3 Poems | Annie Diamond

 

Self-Portrait in the Bed of a Stranger

The questions of bodies have
answers in a language I cannot

read or speak. Bathroom scales remind me
that weight is just how much I lean into the

earth: in another atmosphere
this would be a slimmer heart.

These wrists, I come back to these wrists,
ridges of unfragile bone where hands and

arms make covenants, where fingers
agree to thankless work, where pulse

blooms and
blooms like oleander.

 

Locus amoenus

 Dinner is basil leaves
he potted on the porch,
sweet corn for 50 cents an ear,
raw or blushed with butter
in a rustflowered pan,
and eggplants too, winecolored, palehearted,
and there is never not beer. Our fingers tangle
over the trope
of handrolled cigarettes—we unhook
the phone, I smell like his bed: tomatoes
and soap, guiltless cotton,
warm things growing.
Nothing is stolen.
We manage Eden out of dandelions and water,
stoned on the eighth I brought back from Ohio,
bodies full of unsurprises—
O here
is the love I almost had

 

Sonnet for Almost

There was the one who gave up his bed for a night
so I would not have to sleep drunk on the floor. There
was the one who wore clothes that made me feel like

I was looking at him naked: threadbare white undershirt,
selfmade shorts. There was the one whose green baseball
cap felt familiar as handwriting, who never saw enough

of me to understand. There was the one whose earnestness
I could not stomach, who I was mean to. There was the one
I kissed and laughed about it with the next morning.

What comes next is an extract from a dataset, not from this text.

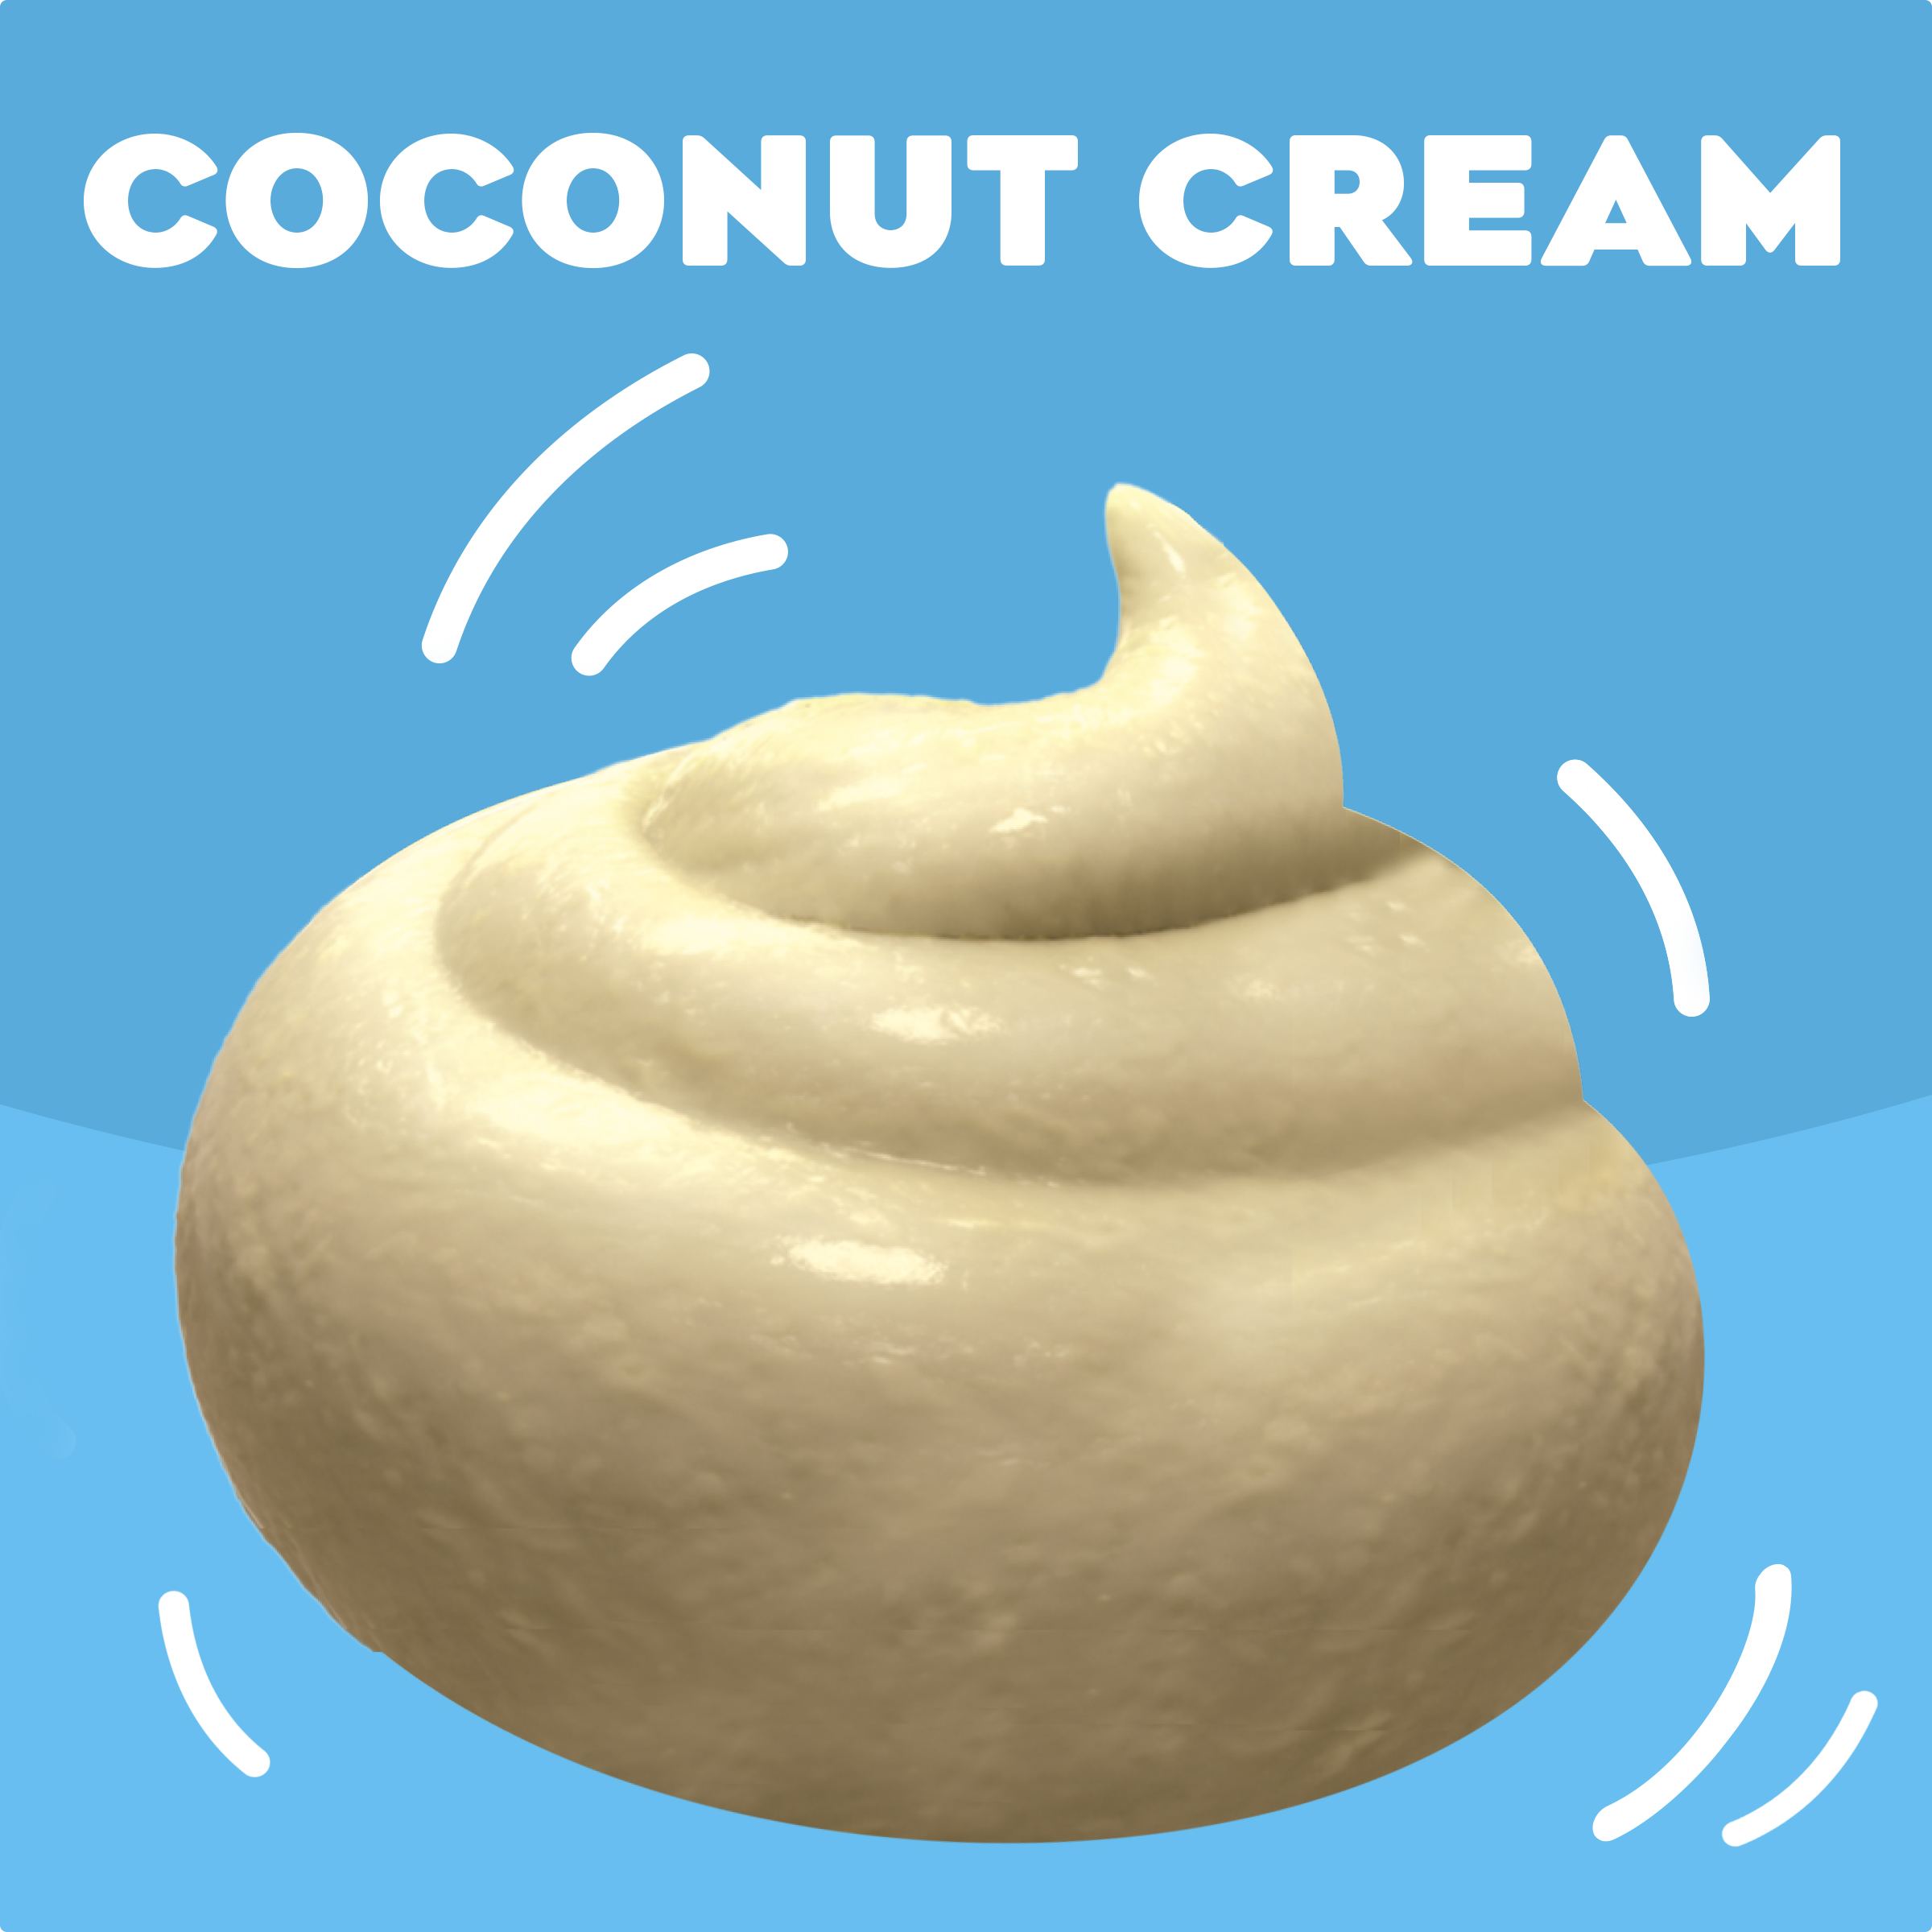 Coconut Cream Instant Pudding & Pie Filling Mix

There was the one I first slept next to, who made me realize
what I deserved. There was the blond one from California, who
loved someone else. Here are the almosts, some more almost

than others, but all on the same tender list. Here are the
ones who did not love me, but taught me things instead.

————
Annie Diamond is a poet and academic from Connecticut. She graduated from Barnard College in 2015 and plans to begin an MFA program in 2016. Previously her poems have been published in Apt, The Columbia Review, The Lyric, and Cargoes, and in the spring of 2015 she was named the winner of the Cargoes National Undergraduate Poetry Competition. In the spring of 2016 she will be a resident at the MacDowell Colony in New Hampshire. Her number-one life goal is to appear on Jeopardy!